En su misma planta están los hermanos Sasha, de 7 años, e Ivan, de 11. El primer día de la invasión, el 24 de febrero, ambos escucharon cómo los bombardeos retumbaban sobre su casa, que sigue en pie en la ciudad de Jersón, a la que Ivan dice a EFE que quiere volver ya. Su abuela contesta que habrá que esperar a que termine la guerra.
Jersón es una ciudad a orillas del mar negro de casi 300.000 habitantes que desde principios de marzo está ocupada por el ejército ruso.
Tras una noche de temblores y cristales rotos, Ivan y su familia dejaron a su padre y todas sus pertenencias en casa y se subieron en un coche rumbo a Leópolis, ya muy cerca de la frontera con Polonia, donde quedaron a salvo de la guerra gracias a la acogida de unos familiares.

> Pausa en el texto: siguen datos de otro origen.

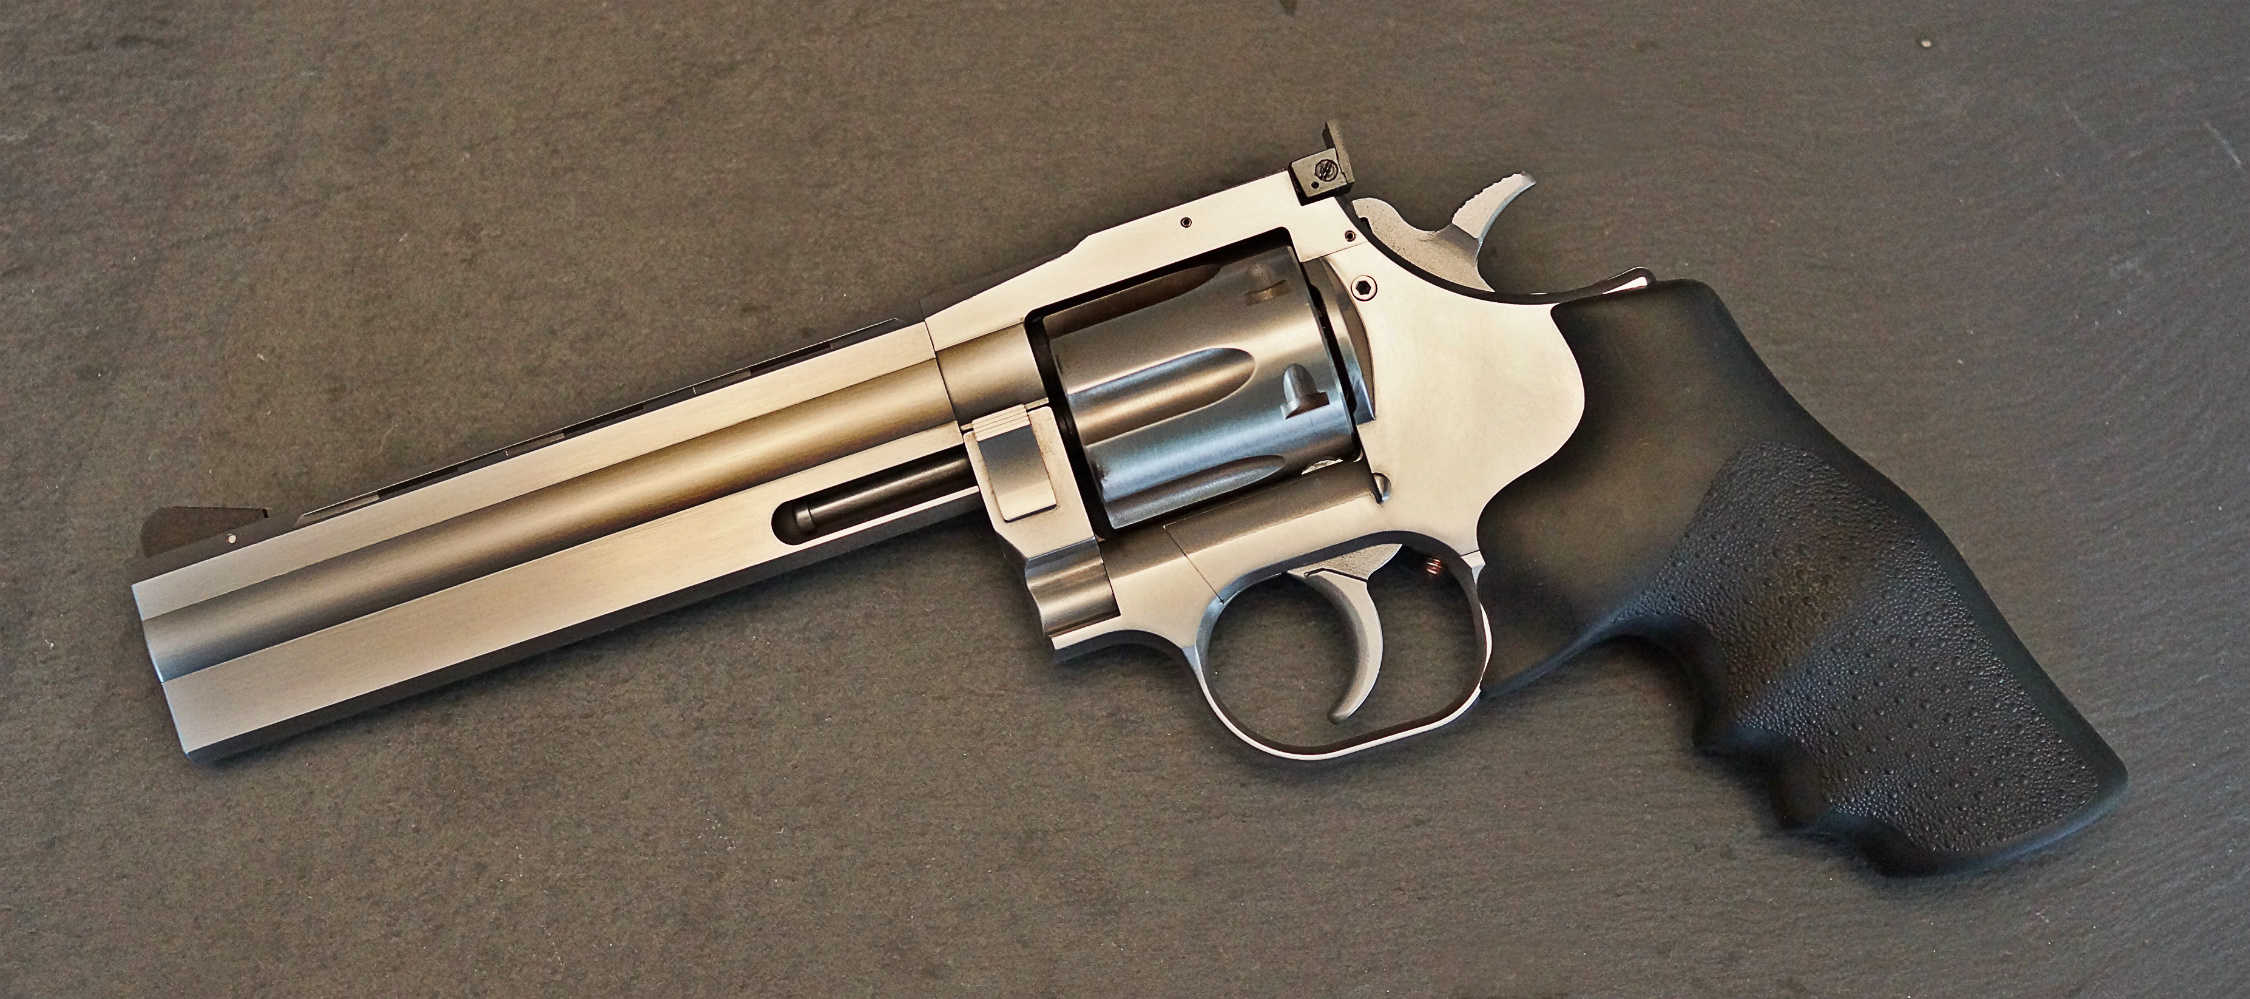 Amazing Dan Wesson 357 Magnum Revolver Pictures & Backgrounds

Pero cinco semanas después, el 31 de marzo, al abuelo se le paró el corazón mientras conducía el coche en el que de nuevo viajaba él con toda su familia. Él murió, el coche colisionó con una camioneta y los dos niños y su madre resultaron gravemente heridos.

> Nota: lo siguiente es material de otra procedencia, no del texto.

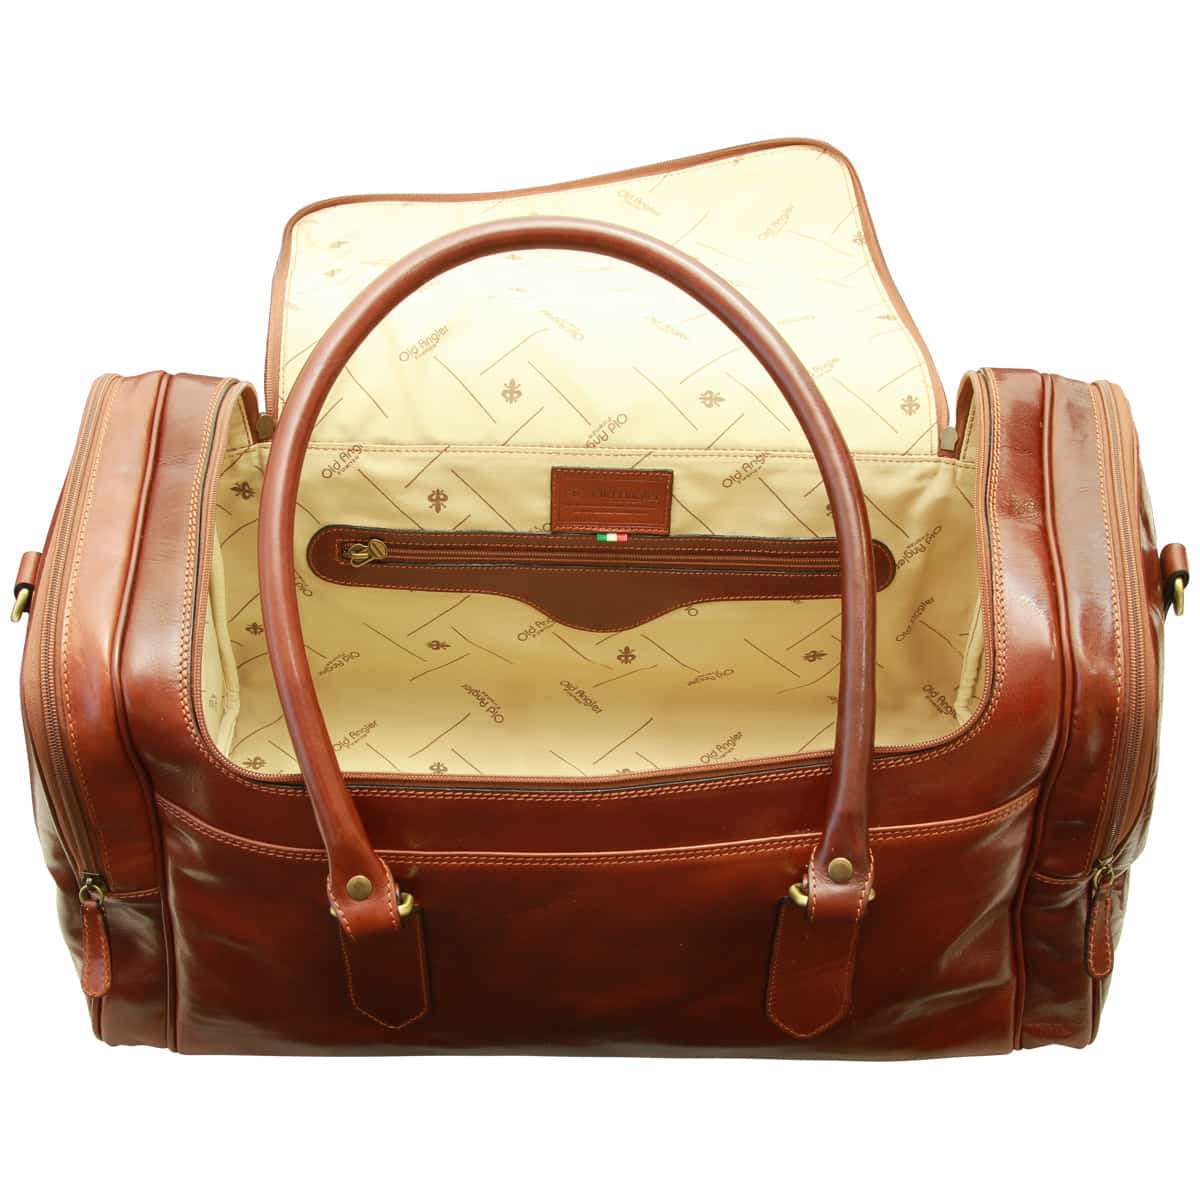 Arno Leather Travel Bag - Brown | 077805MA | EURO | Old Angler Firenze

“El corazón de mi marido se paró por el estrés de la guerra”, asegura Switlana, la abuela de Ivan y de Sasha, que pide alejarse de los niños para relatar la historia. Hace casi un mes del accidente y la madre sigue en cuidados intensivos. Su padre no puede atenderlos: está en el frente.

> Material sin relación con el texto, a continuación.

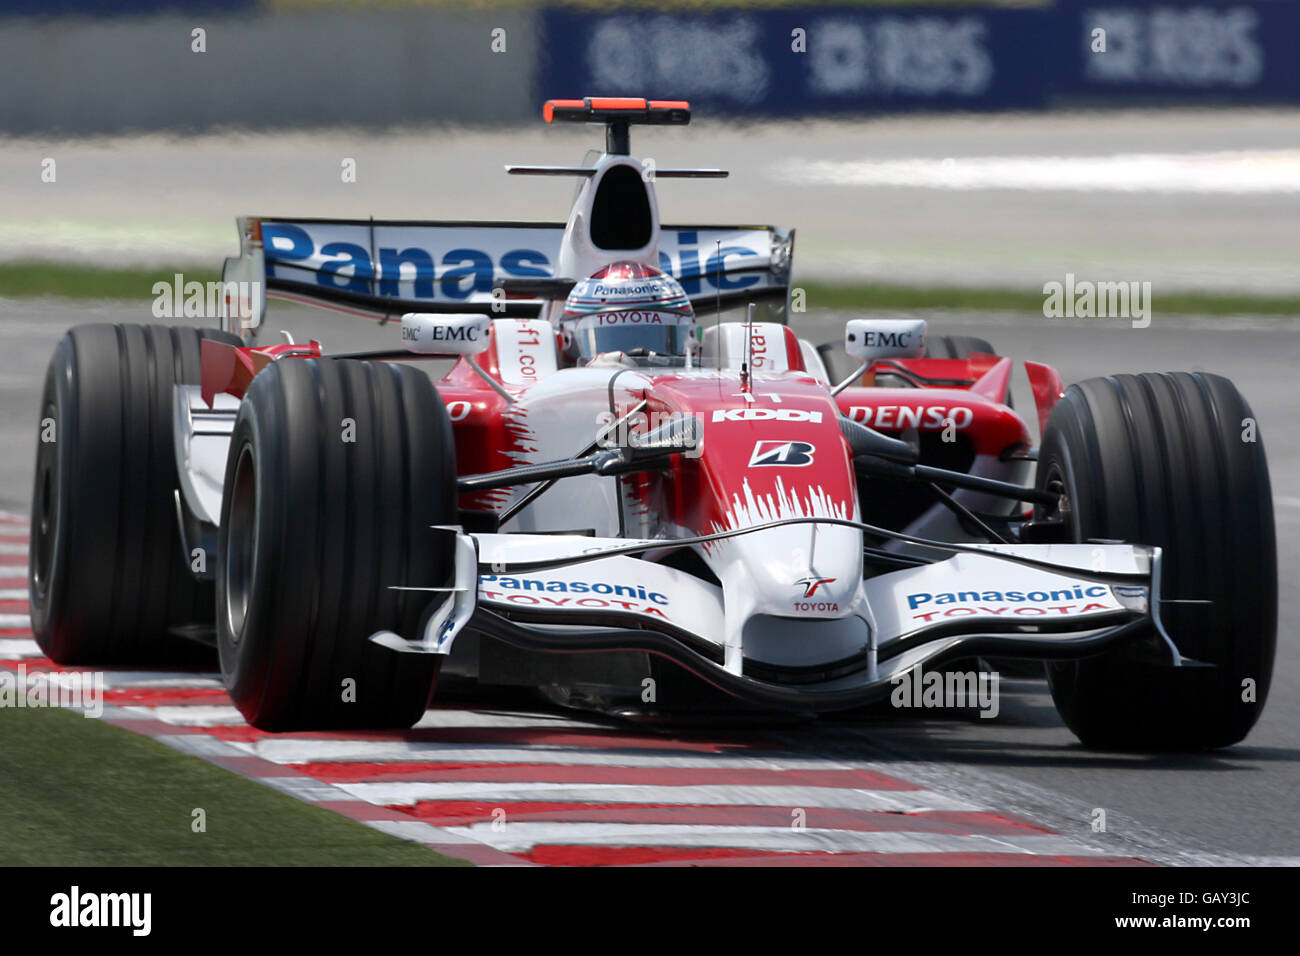 Formula One Motor Racing - French Grand Prix - Qualifying - Magny Cours. Toyota's Jarno Trulli during qualifying for the Grand Prix at Magny-Cours, Nevers, France. Stock Photo

Cuenta a EFE la psicóloga del centro, Christina Bogatyrova, que el estado anímico de Ivan mejoró cuando logró hablar por teléfono con su padre.
Tiene sobre su cama dos teléfonos, uno que le pertenece, y otro que es el de su madre. No lo quiere perder de vista porque es lo único de ella que tiene cerca, y también porque confía en que su padre de un momento a otro le llamará.
La psicóloga explica que cada niño es un mundo, pero que los daños psicológicos de una guerra varían mucho en función de si tienen o no a los padres con ellos.
“Si sus padres no han muerto y están cerca de ellos, los niños sanos necesitan unos días, quizás una semana, para quitar del primer plano que escucharon un bombardeo y seguir con su día a día. Las imágenes volverán en sueños”, relata. Y las heridas de la guerra les acompañarán de por vida.
En el caso de Ivan, los bombardeos conviven con la separación de su padre, la huida de casa, y el accidente, que le ha dejado inmóvil una pierna.
De los 350 niños de la guerra que han pasado por el hospital clínico, solo unos 50 han necesitado acompañamiento psicológico. Con el resto, la terapeuta procura que jueguen, se relacionen entre ellos, lean libros y escuchen música clásica.
La mayoría de ellos sueña con volver a sus rutinas, al igual que pasa con Ivan, que expresa este deseo a EFE: “Quiero volver a Jersón y reconstruir mi casa con mi padre, colocar cristales nuevos, arreglarlo todo, y también ir al colegio”.
Sasha, su hermano pequeño, no quiere hablar. Sonríe tímidamente y se escabulle entre la pantalla de su teléfono móvil, y dice que sí, que él también quiere regresar para ver a su padre y a su madre y jugar con sus amigos.